Faye walks a little farther away from the tent, towards the woods. He follows her, and they settle together at the forest’s edge—still in earshot of the camp, but safely away from the clamor of the mess hall.
“I miss Ram,” Faye says quietly, after they’ve been eating for a bit. “Seeing this many people in one place reminds me how far we are from home.”
Kliff snorts. “It just reminds me of school. They always crammed too many people into the common areas for lunch.”
“So you didn’t like leaving then, either?”
“I liked going to school,” he answers. “I didn’t like the people there.”
“What kind of people do you like?”
He thinks on this. “The quiet kind.”
Faye smiles and nods. They eat the rest of their meal in silence.
—
Gray looks out for him during fights.
At first he’s convinced Gray is just showing off, jumping in dramatically and kicking down a mage in mid-chant before they can fire another spell at Kliff. But then it happens a second time, and a third time, and Kliff is more than certain that it’s intentional.
“You don’t have to do that, you know,” Kliff says, the next time Gray takes a blow for him.
“Do what?” Gray asks. “Look super cool while I’m saving the day?”
Kliff regrets that Gray is too focused on the battle to see him roll his eyes. “Protect me. I can look out for myself.”

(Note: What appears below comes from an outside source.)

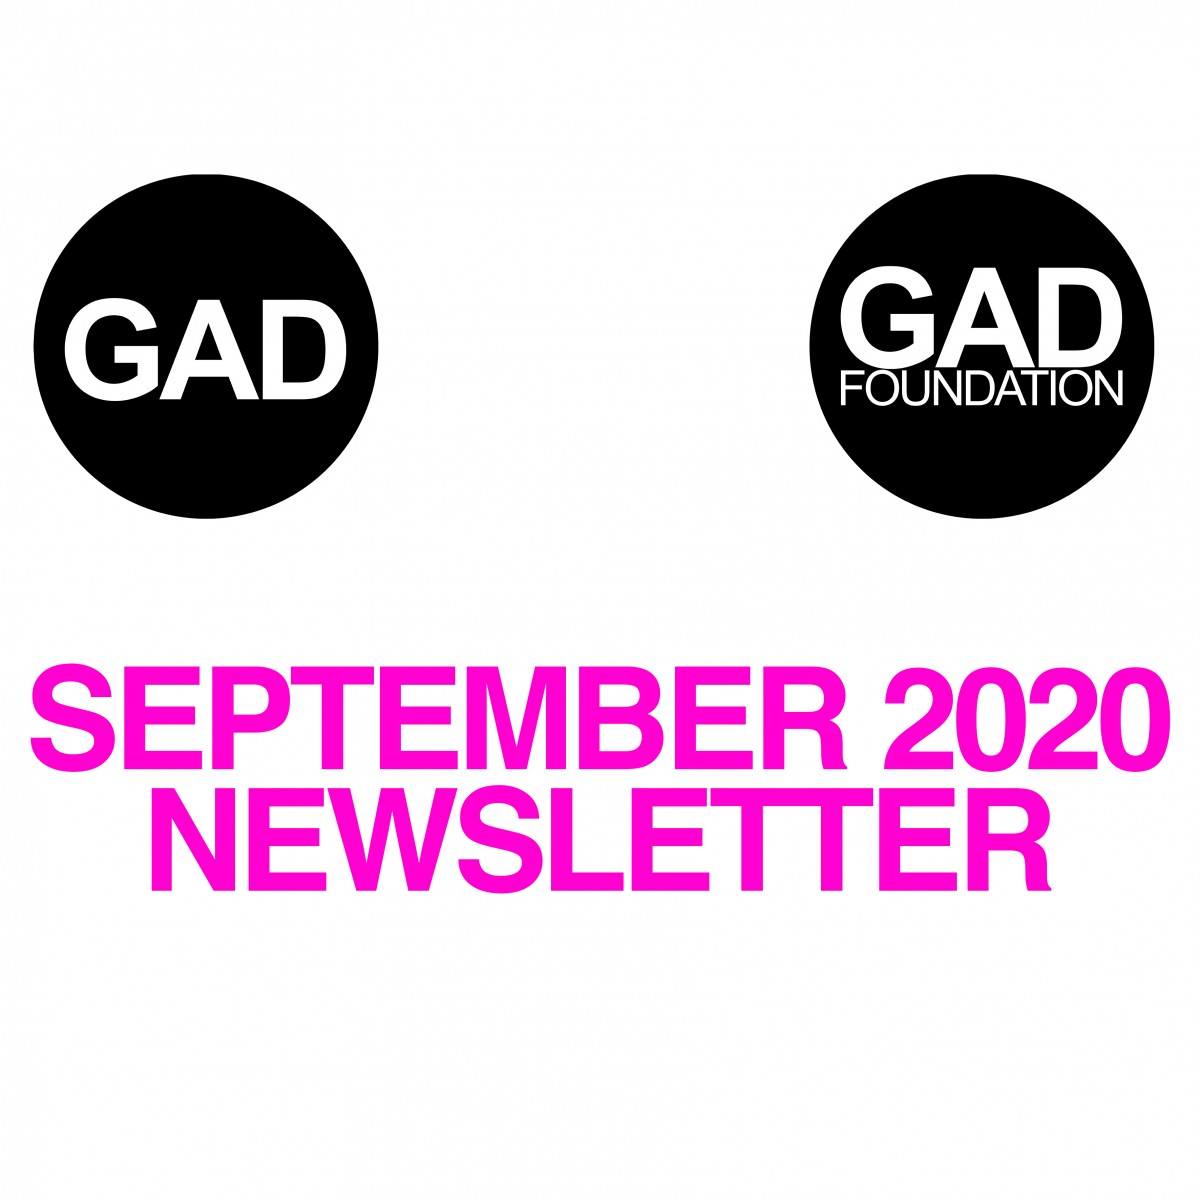 Eylül 2020 Newsletter

“Oh, that? I’m just practicing for next time one of the girls needs saving.” Gray pauses to skewer another incoming mage. “Gotta keep my skills sharp and all that!”
“Gray, I’m serious. Can you stop joking around?” Kliff fires off another spell, stopping an approaching cavalier in their tracks. Now there are no more distractions—Gray will have to talk to him.
Gray turns to face him. “Look, I know you can take it, okay? But that’s not your job. If you’re up in the front lines taking hits, you won’t have the energy to cast your spells. So you do your job, and I’ll do mine, yeah?”
He sighs. “Fine.”
“Great! Now how about a ‘thank you’ for saving your ass?”
“In your dreams.”
—
Alm brings him a book from town.
“Here,” he says, unloading it off a pile of rations and weapons. “They had this on sale at one of the booths. I thought you might get some use out of it.”
Kliff inspects it. It’s a neatly-bound red tome, with gold embossing on the front. It looks well-used, but it’s holding together nevertheless. He flips it open, skimming the table of contents, and frowns.
“I hate to break it to you, but this is a book on magical theory. It’s not going to teach me anything I don’t already know about battle casting.”
Alm looks a little offended. “I know,” he says. “I just figured you would like it. You liked learning about magic at school, didn’t you?”
“I did, but—” He frowns again, turning the book over anxiously in his hands. “We’re in the middle of a war. Did you spend army funds on this?”
“Don’t worry, I spent my own money on it. No funds wasted.”
“But—” Kliff stammers. “Why? What’s the point? What do you get out of this?”
Alm sighs. “It’s just a gift. We may be at war, but we’re still people. I want you guys to be happy—at least, when we’re not having to kill people.”
“Oh,” Kliff says. “Uh. Thanks.”
Alm smiles, bright as ever. “Any time.”
—
The war continues, and Kliff keeps dreaming about the places he’ll go once he’s free to travel as he pleases. He’s not sure what kind of people he’ll meet out there, but—he thinks—if they’re anything like the ones he met in Ram Village, he hasn’t got anything to worry about. Other people may be unpleasant—clumsy, naive, romantic, and over-familiar—but they’re still worth knowing, every once in a while.